__Exercise instructions__. Please output the listing that follows exactly, but keep all images out.

__Data extract__.

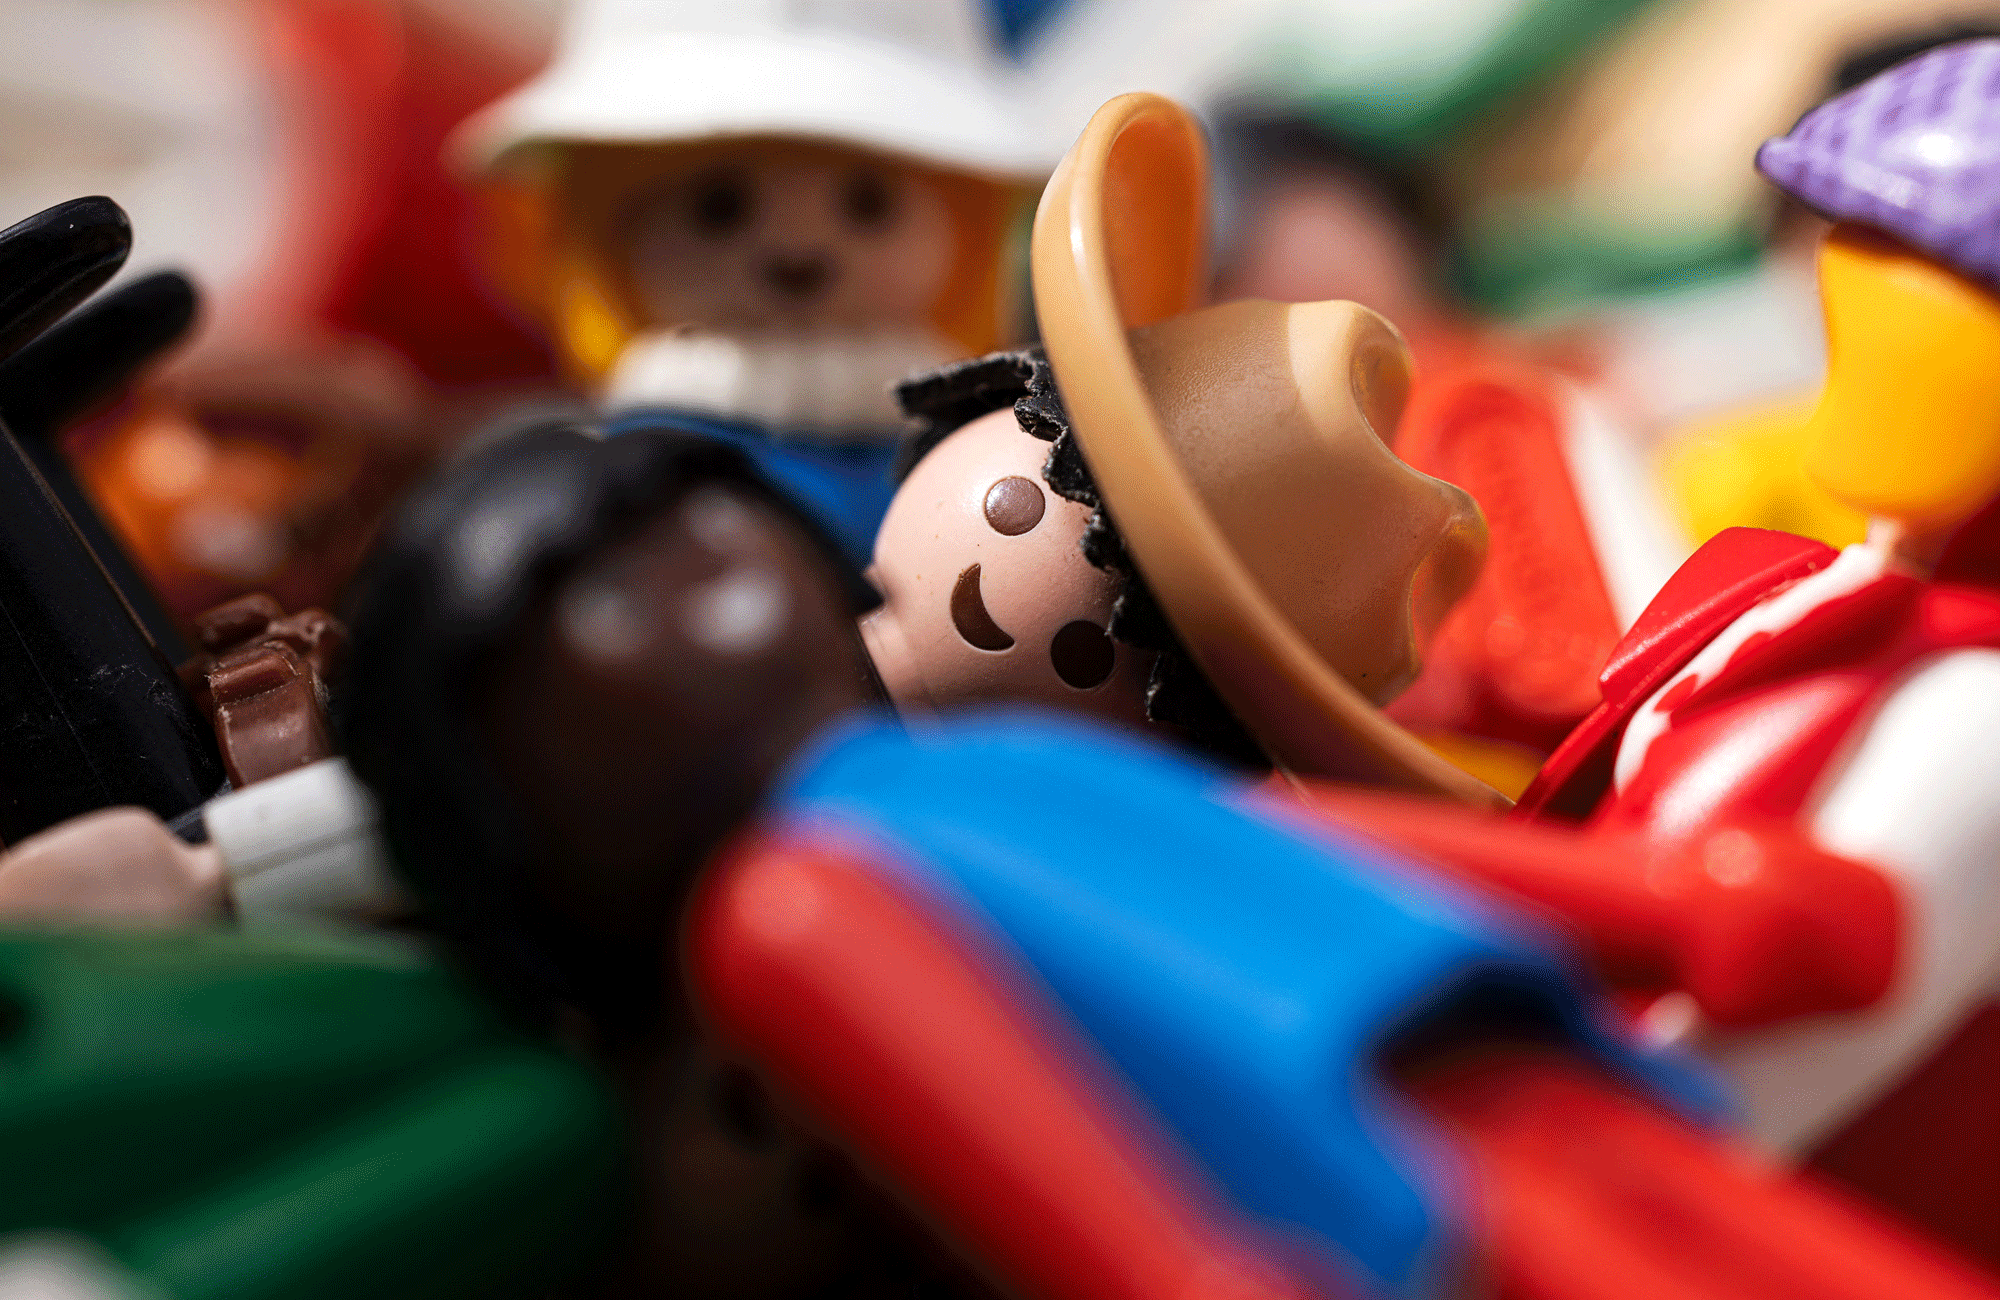 Les figurines Playmobil sont en crise : des centaines d'emplois
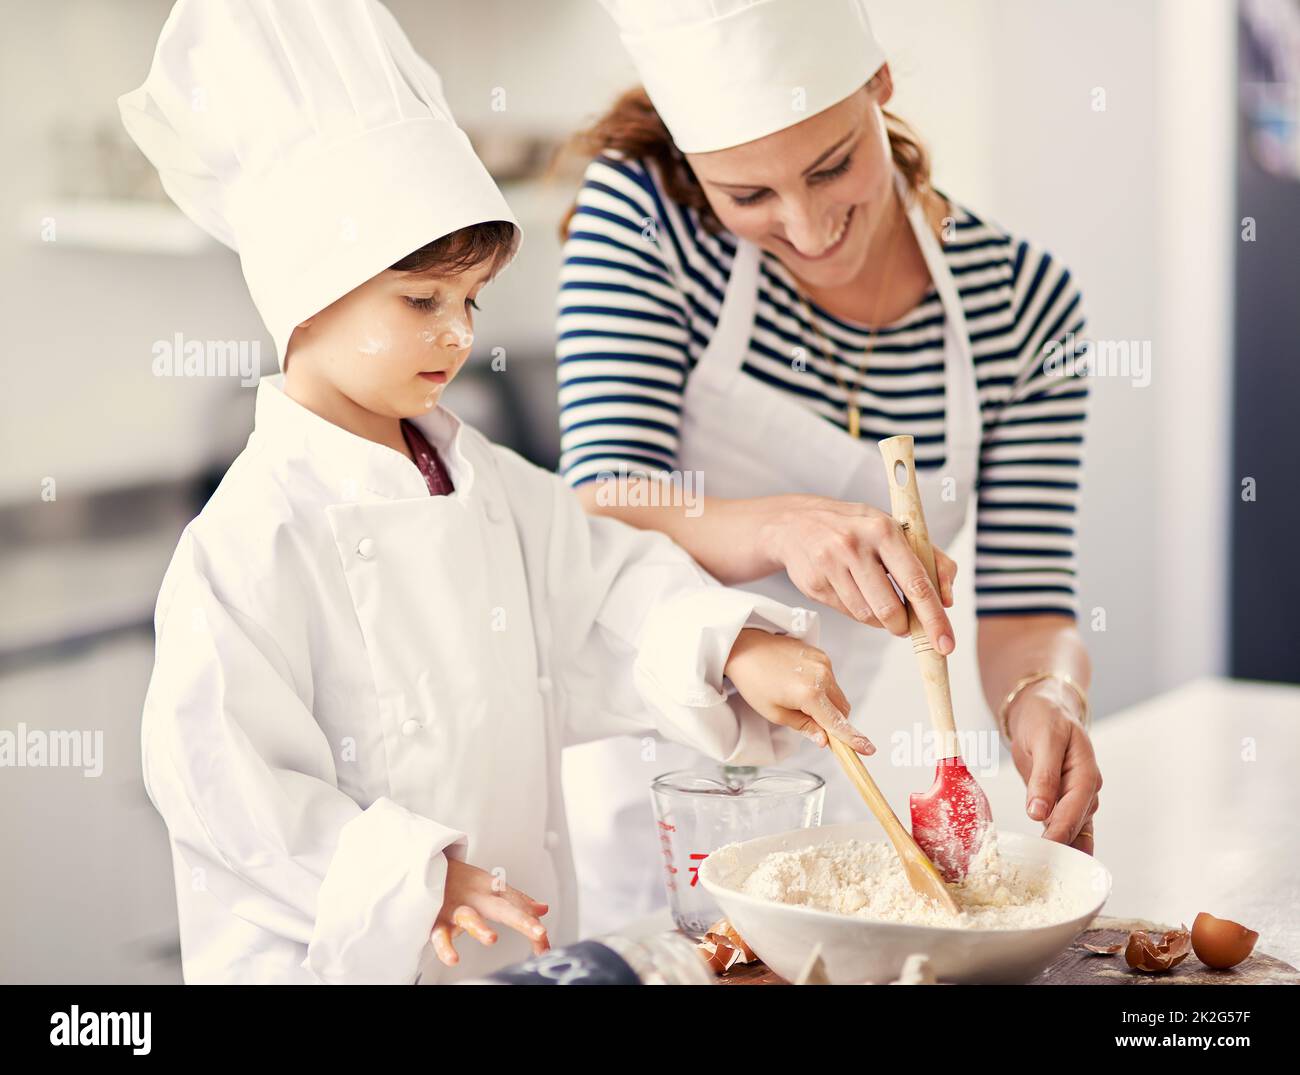 Verbreiten Sie die Liebe. Aufnahme einer Mutter und ihres Sohnes beim Backen in der Küche. Stockfoto
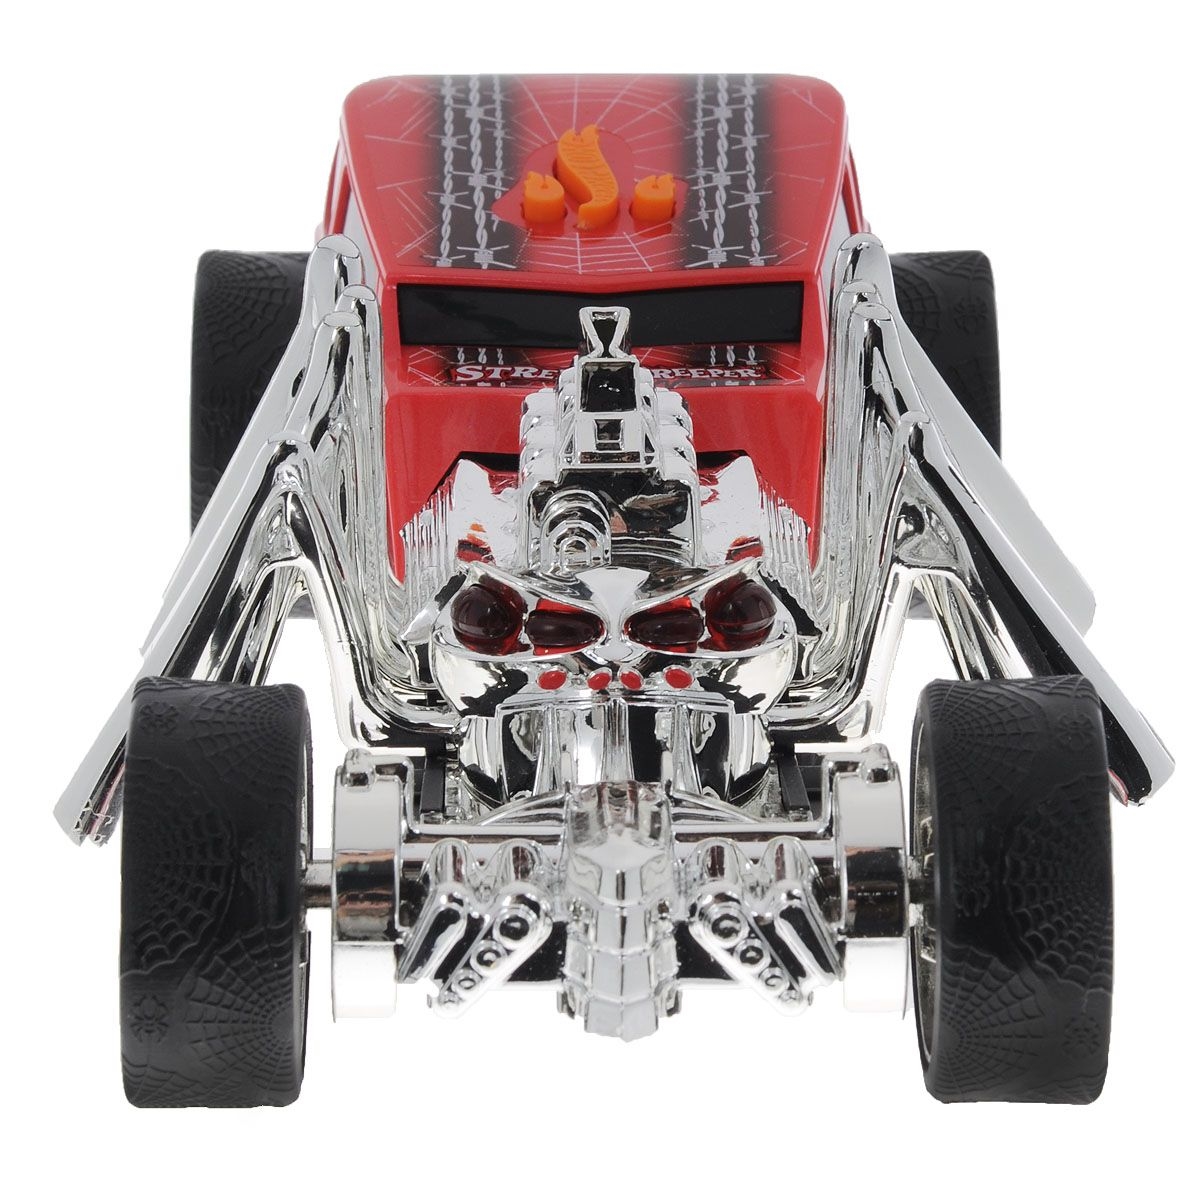 Электромеханическая машинка Hot Wheels со светом и звуком – Паук, красная 23 см

__Solution for this task__.
 Les figurines Playmobil sont en crise : des centaines d'emplois
 Verbreiten Sie die Liebe. Aufnahme einer Mutter und ihres Sohnes beim Backen in der Küche. Stockfoto
 Электромеханическая машинка Hot Wheels со светом и звуком – Паук, красная 23 см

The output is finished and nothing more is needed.